Как-то в конце февраля они поднялись по склону одного из холмов и прошли по гребню к старой изгороди, у которой был такой вид, словно она умерла, не выдержав зимней стужи. Верхняя перекладина была отломана, средняя тоже едва держалась, но нижняя уцелела, и они сели на нее, держась за руки и разглядывая светлые холмистые дали.
Пейзаж немного подкачал, но в нем была своя прелесть. Кое-где дымили приземистые газовые заводы, но между холмами – словно сабля, бережно уложенная в футляр равнины – текла медленная река. Возвышенности были утыканы уродливыми новенькими домами, но могучие старые деревья не давали им сбиться в кучу и терпеливо дожидались весны, которая дает им густую листву и поможет укрыть дома от человеческого глаза. Бригг видел неряшливые строительные площадки и безмятежные поля, фабричные трубы и пасущихся пестрых коров, современную автобусную станцию и прямой шпиль старенькой церкви. В этой картине не было ярких красок; все смазывала серая туманная дымка, становившаяся темнее по мере того, как клонился к закату короткий февральский день, а они все сидели и смотрели на поезда, которые шли на Эмершем.
Джоан была одета в мешковатое красное пальто; теперь она подняла его большой воротник, закрывавший шею и длинные волосы. Лицо Джоан было бледным от городского смога, пара и выбросов теплостанции. Заводской дым въелся ей в кожу и окружил серыми тенями глаза, которые и без того казались слишком глубоко посаженными из-за выступающих полных скул, зато волосы были красивыми, длинными и густыми, а фигура, сочетавшая в себе изящество и силу, производила достаточно приятное впечатление.
В целом Джоан была славной девчонкой, и к тому же – достаточно красивой. Бригг как-то подумал, что она похожа на боярышник, выросший на сортировочной станции.

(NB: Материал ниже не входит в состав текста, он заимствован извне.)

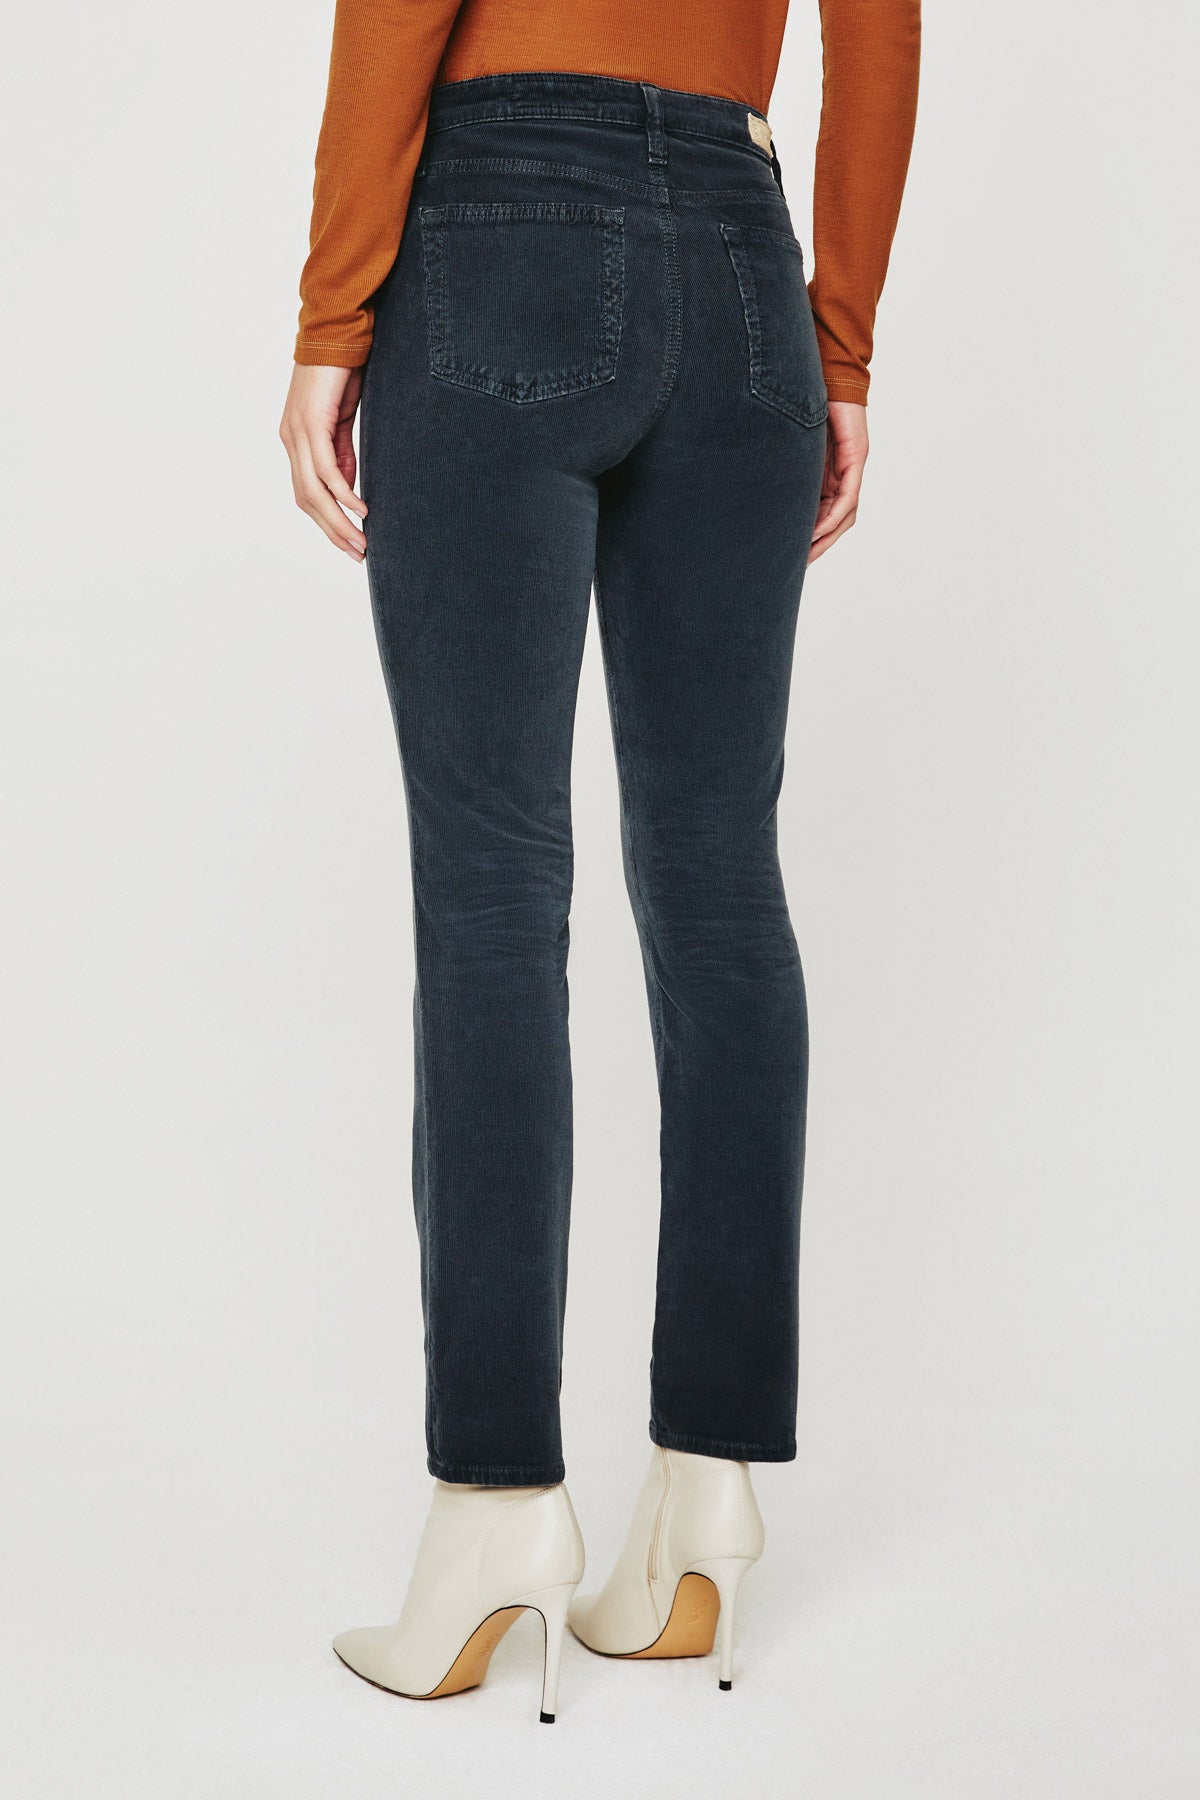 ag jeans mari high rise jean in grey corduroy, rear view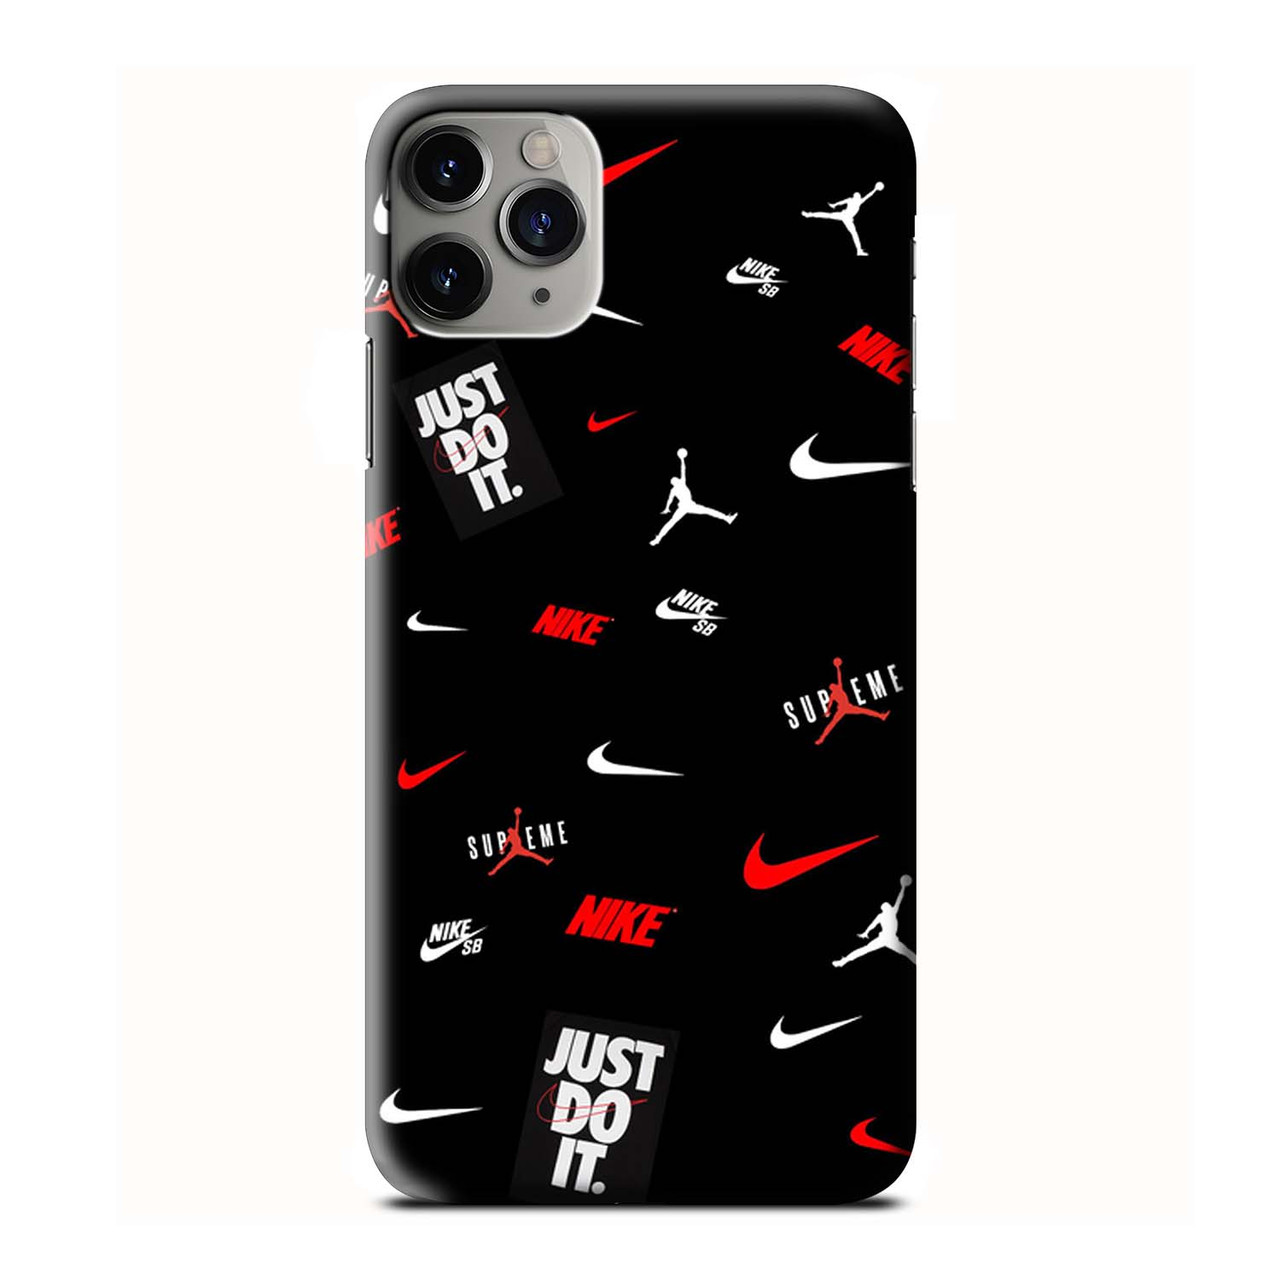 Air Jordan Nike Just Do It Iphone 3d Case Cover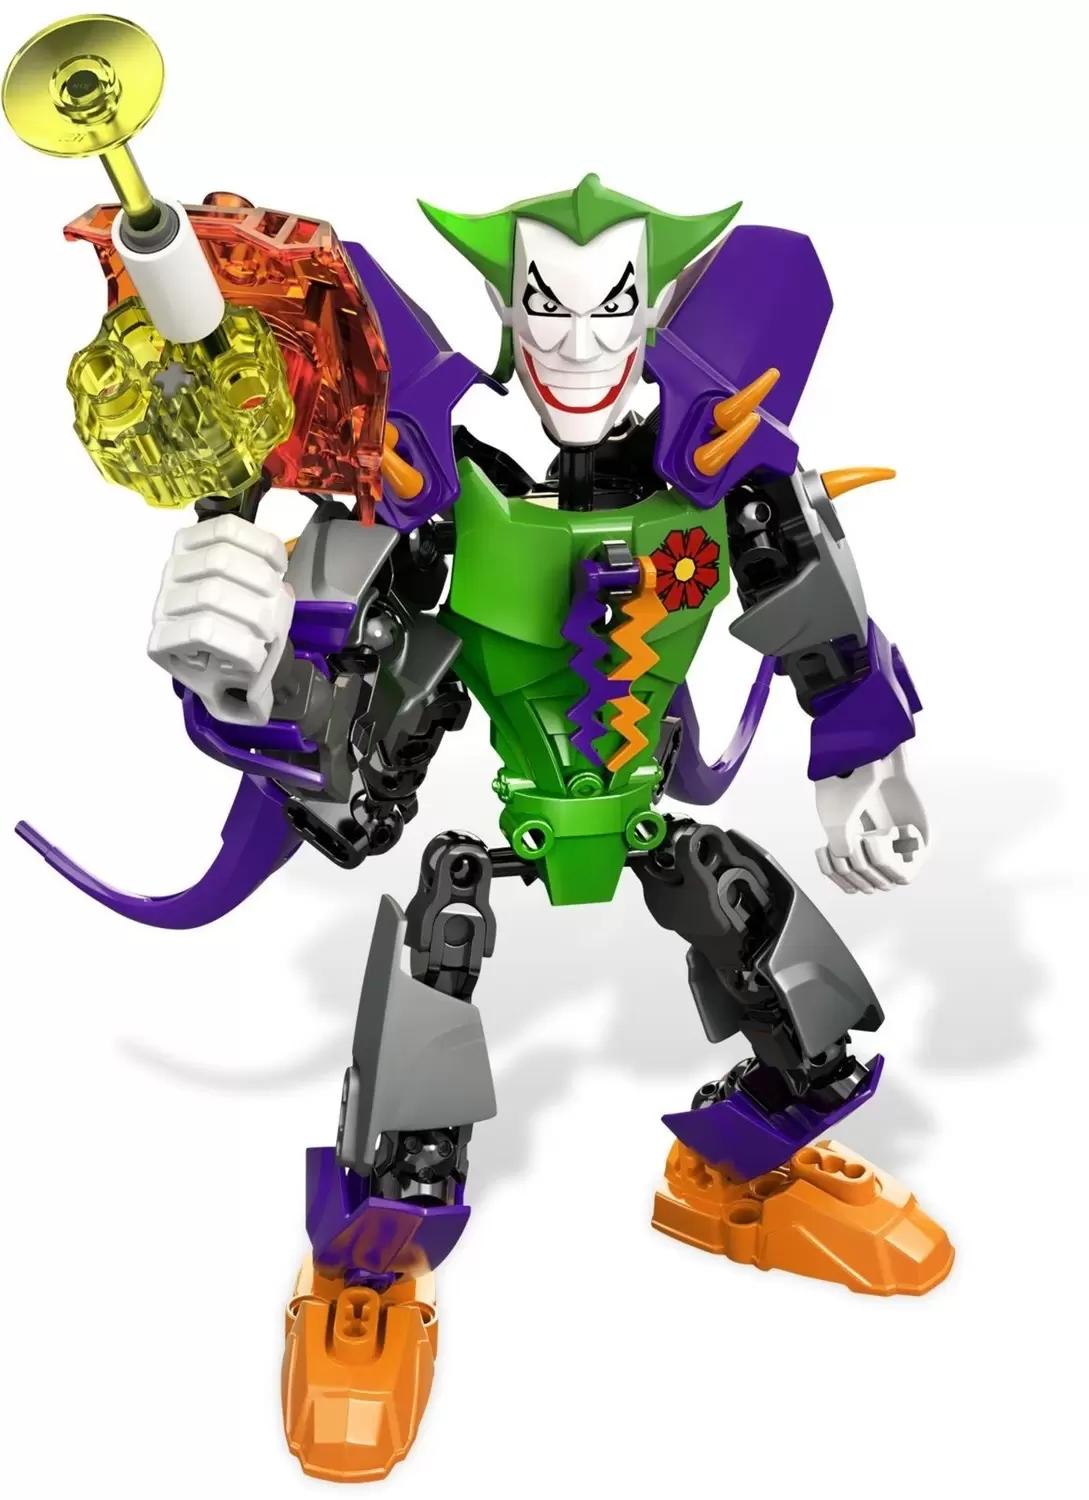 LEGO DC Comics Super Heroes - The Joker

Он поцеловал Джоан, но она не ответила на поцелуй.
– Когда ты должен уехать? – спросила она.
– Я был сегодня на бирже труда, – ответил Бригг, не глядя на нее. – И попросил немного ускорить дело, если возможно.
– Ускорить? – переспросила Джоан и пристально посмотрела на него. – Зачем?
– Я подумал, что чем раньше это начнется, тем скорее закончится, – виновато объяснил Бригг. – Надоело болтаться между небом и землей. Чем скорее армия меня получит, тем скорее я от нее отделаюсь…
– И всего-то? – удивилась Джоан.
– Конечно, – заверил ее Бригг. – Кроме того, я по горло сыт своей теперешней работой. После армии я не вернусь на прежнее место, это точно.
Показался еще один поезд. Освещенные окна медленно двигались по темнеющей равнине, словно в тумане ползло жемчужное ожерелье. На этот раз поезд шел в Уэмбли.
– Может быть, тебя пошлют не очень далеко, – заметила Джоан. – И всего лишь на восемнадцать месяцев. Большинство солдат приезжают домой каждый уик-энд. Помнишь, я рассказывала про Кении Джонса? Он служит в Олдершоте, в какой-то маленькой конторе, и проводит дома больше времени, чем на службе…
«Я не хочу в Оддершот, – подумал Бригг. – И нигде в этой стране я служить не хочу. Я хочу в Германию, в Египет, в Гонконг – куда угодно, лишь бы там можно было приятно провести время, и лишь бы там были женщины!»
Он поднялся с перекладины и взял Джоан за руку. Вместе они спустились к шоссе, где находилась автобусная остановка. Уже совсем стемнело, и на остановке никого не было. И до тех пор пока не подошел автобус, они стояли там вдвоем и целовались.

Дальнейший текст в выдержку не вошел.